Whenever I conduct a Teleseminar interview with a thought leader in my area of interest, I often lean on the four learning styles that researcher David Kolb discovered in the 1980s.
Your listening audiences typically fit into four distinct learning styles Kolb uncovered and they are: WHY learners, WHAT learners, HOW learners and WHAT IF learners.
Which of the four learning styles do you feel that you fit into?
Regardless of your learning style, I believe anyone can become a great interviewer if they focus on what Kolb’s findings over 20 years ago.
To make it easy for you, here’s the questioning sequence template I utilize in my own interview that is a trusted friend to inoculate me from embarrassment or and criticism from blowing an interview:
WHY is (TOPIC) so important for our audience to learn more about?
WHAT is (TOPIC) by definition?
HOW does (TOPIC) work in a step-by-step process?
WHAT IF our listeners utilized the strategies you are teaching us about (TOPIC), what would their live be like in 30 days, 90 days, 1 year?
Just fill-in your topic of interest where you see “TOPIC” above and you’re good to go!
You can also ask questions about obstacles or strategies or questions that are specifically relevant to your topic and audience. But the four questions you can’t live without are the WHY, WHAT, HOW and WHAT IF questions.
I consider them my four most trusted servants to extracting the nectar from the fruit of any of my Tele-Interviews.
Although I don’t get caught-up with the percentage breakdowns of each learning style, I do follow a certain sequence based on what I believe to be their attention levels.
Fair Warning: I have no scientific evidence that support my next recommendation, other than my intuition derived from conducting over 1,200 Tele-Interviews in 15 years.
My experience tells me the correct sequence of questions are: WHY, WHAT, HOW, WHAT IF.

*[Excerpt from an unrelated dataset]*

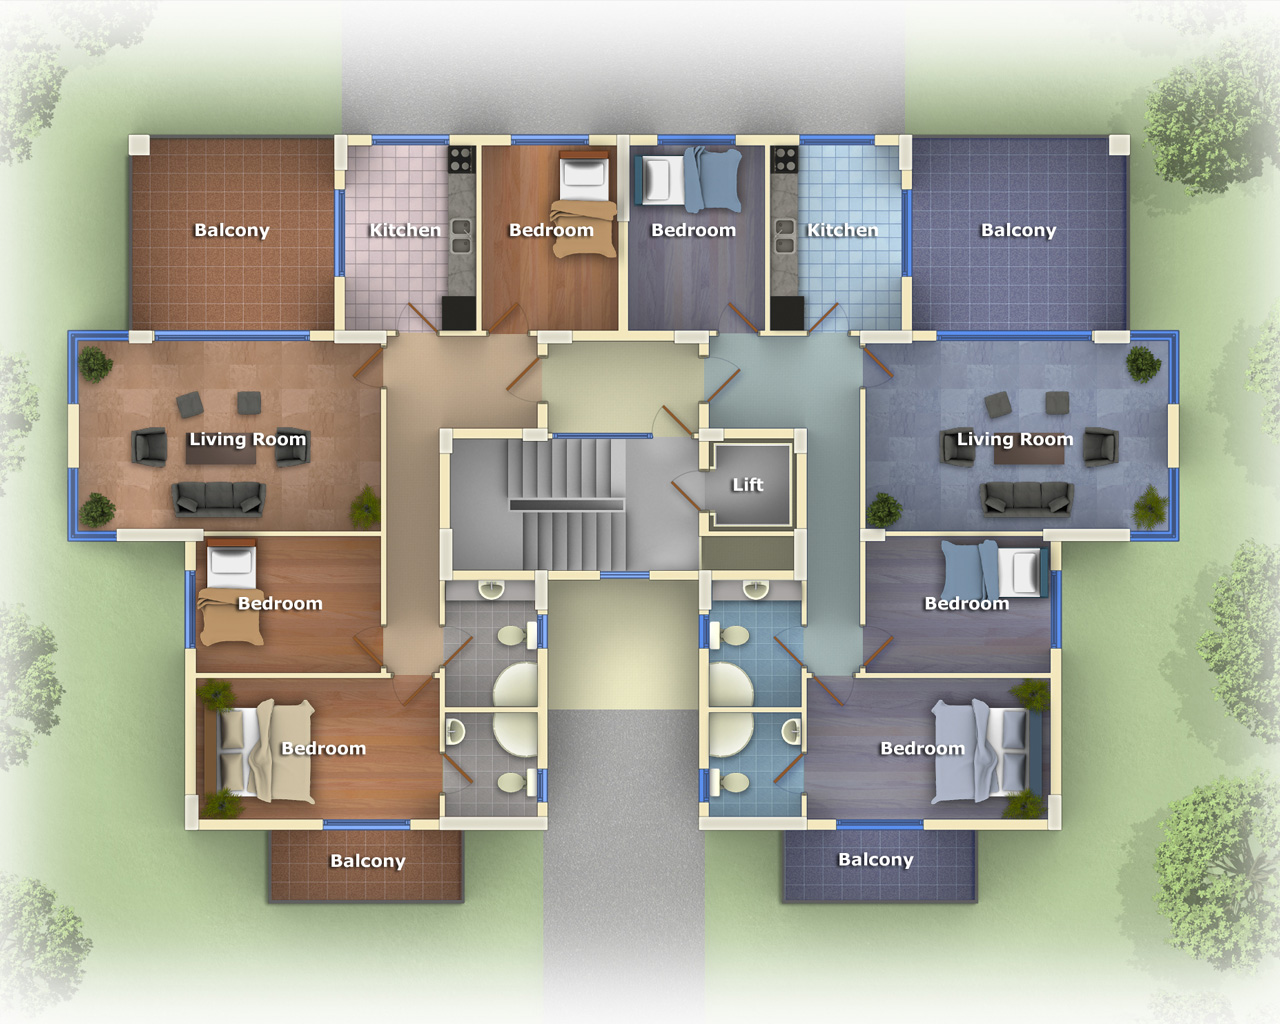 Architecture_Interior_Plans04.jpg

The sequence I utilize is counter-intuitive because most other interviewers, including Larry King, Barbara Walters and Oprah will typically ask the “WHAT” question first.
But I choose to ask the “WHY” question first because my experience has taught me that WHY learners are the least patient and tolerant of the four types of listeners.

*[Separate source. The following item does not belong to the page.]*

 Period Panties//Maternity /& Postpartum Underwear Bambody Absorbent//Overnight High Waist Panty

I know lots of WHY learners and I find them to be easily distracted. Auditory stimuli and bright, shiny objects easily sway their attention away so it’s critical to focus your interview on them first.
Next come the WHAT learners in the interview sequence and then the HOW learners, followed closely by the WHAT IF learners, which is what I believe I am :-)
Again, I can’t scientifically substantiate the sequencing recommendation above, but the Tele-Interview rave reviews I get from my students and colleagues support that my sequence is spot-on.
What To Do Now: Give me your comment about this post. Do you agree or disagree with my recommendation?
When you’re done commenting, I want you to create a questionnaire template for your next interview, no matter what communication medium you choose to utilize – Teleseminar, radio, TV, hot seat on-state, face-to-face or whatever.
Practice it. Utilize it. Learn from it and you’ll find that your interview style will evolve from good to great.